Phase one focused on Claims Indexing. Roots’ AI agents were seamlessly integrated to pull incoming emails via API. They then automatically extracted basic claim data from a multitude of document types and intelligently classified these documents using an AI model, and classification categories tailored to the insurer’s specific business needs. This rapidly applied much-needed consistency, standardizing document types across both adjusters and administrative teams. All extracted data and classification types were converted into a structured JSON format and were seamlessly transmitted back to key systems, significantly enhancing data flow and utility within their Guidewire environment.

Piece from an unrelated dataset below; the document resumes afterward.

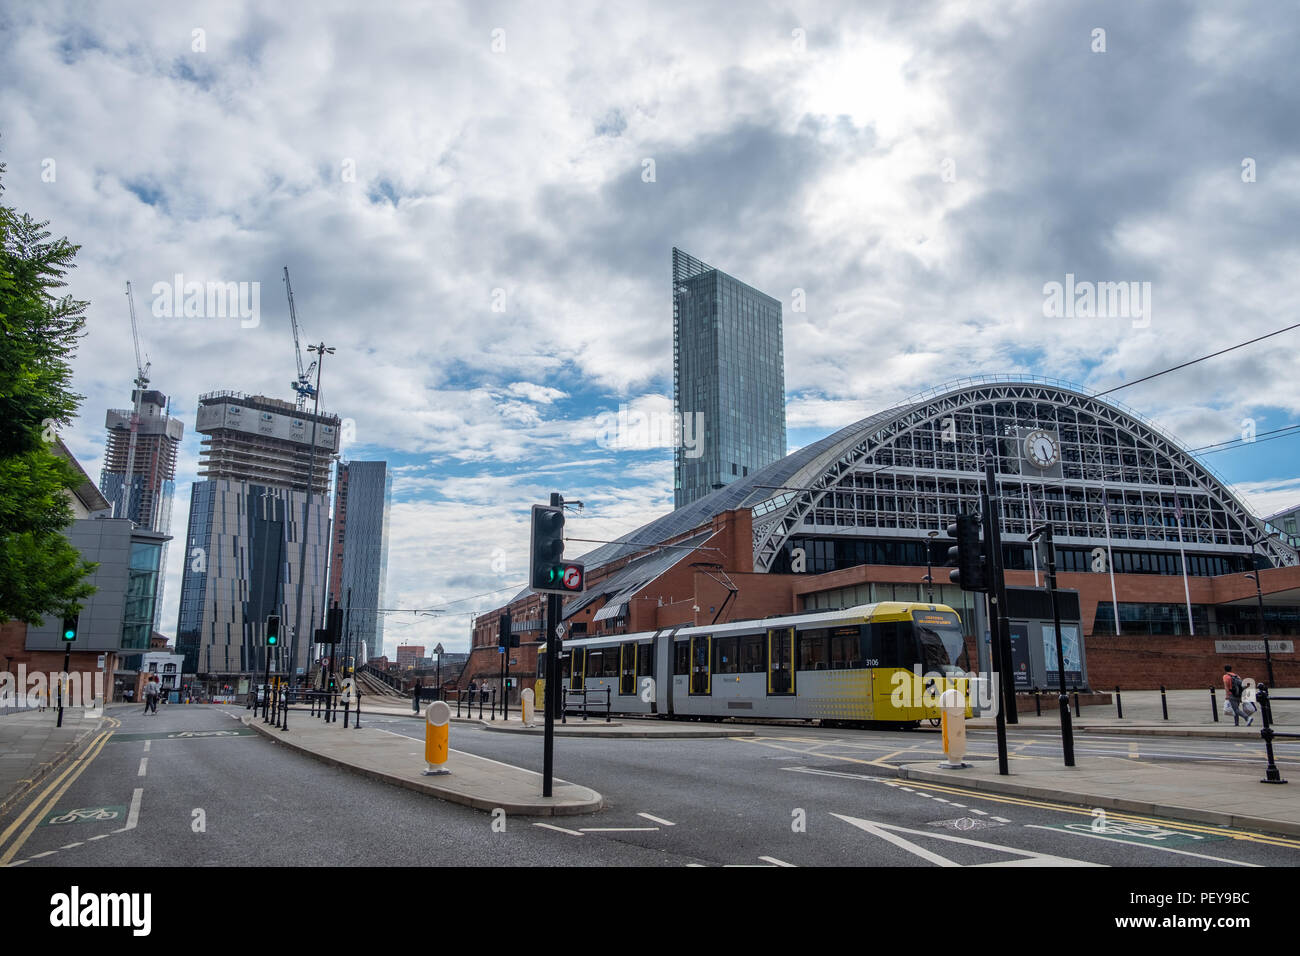 Manchester, Royaume-Uni - Juillet 21, 2018 : Le Manchester Central Convention Complex à l'avant-plan et une construction à l'arrière-plan. Banque D'Images
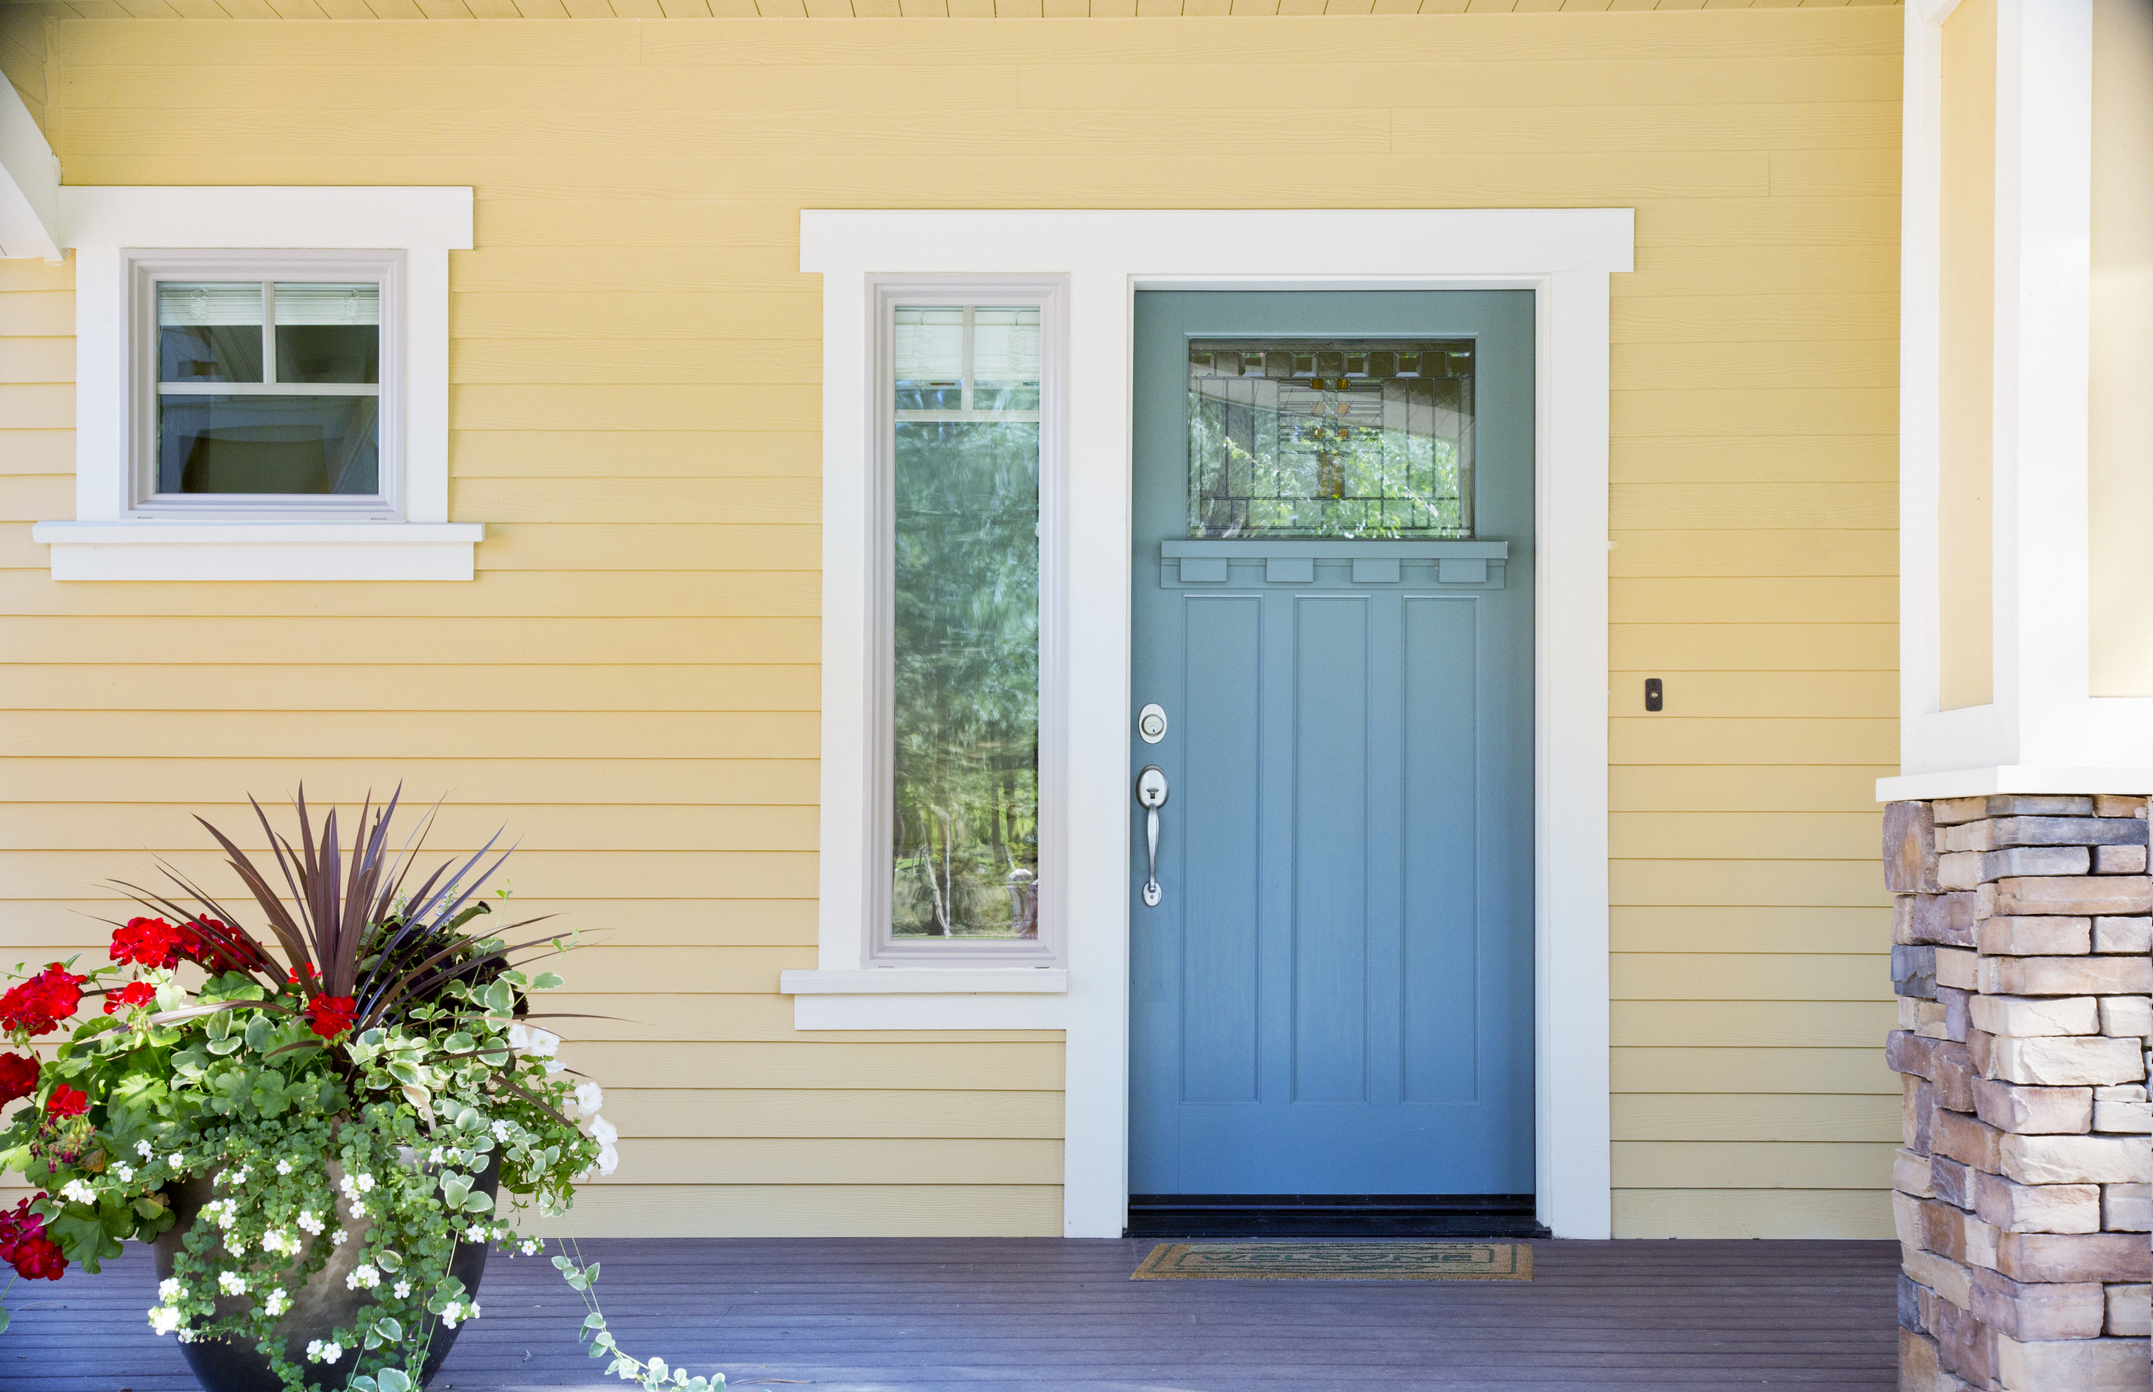 Fachada de casa com paredes em amarelo. As janelas e portas estão da cor azul e contornos brancos.

Phase two tackled Commercial Underwriting Processing. As with claims indexing, Roots’ AI Agents rapidly automated the entire lifecycle of underwriting submission emails including multiple attachments that typically accompanied these forms. The Roots AI Agent intelligently handled submissions intake attachments, accurately identified complex forms, ACORD forms and schedules of values (SOVs), and extracted the needed data with a high-level of precision. The system even performed automated 3rd-party entity searches against the Division of Corporations database, further reducing manual underwriting work. As with claims, all underwriting data was converted to JSON format and fed back to key systems, transforming previously unstructured, cumbersome data into actionable, strategic insights.
The impact was significant, and the insurer saw a:
- 70%+ increase for claims document processing capacity
- 60%+ increase in underwriting document processing capacity
- Significant reduction in manual document processing activities
- Virtual elimination of submissions clearance backlogs
- Improvement in the consistency and accuracy of classification activities
Working with Roots empowered the insurer’s teams, automating numerous critical labor-intensive processes to shift their focus from tedious data entry to more complex decision-making and policyholder service activities. The insurer could now confidently pursue business growth without a corresponding increase in headcount, all while significantly enhancing operational speed, data accuracy, and the overall quality of their decision-making.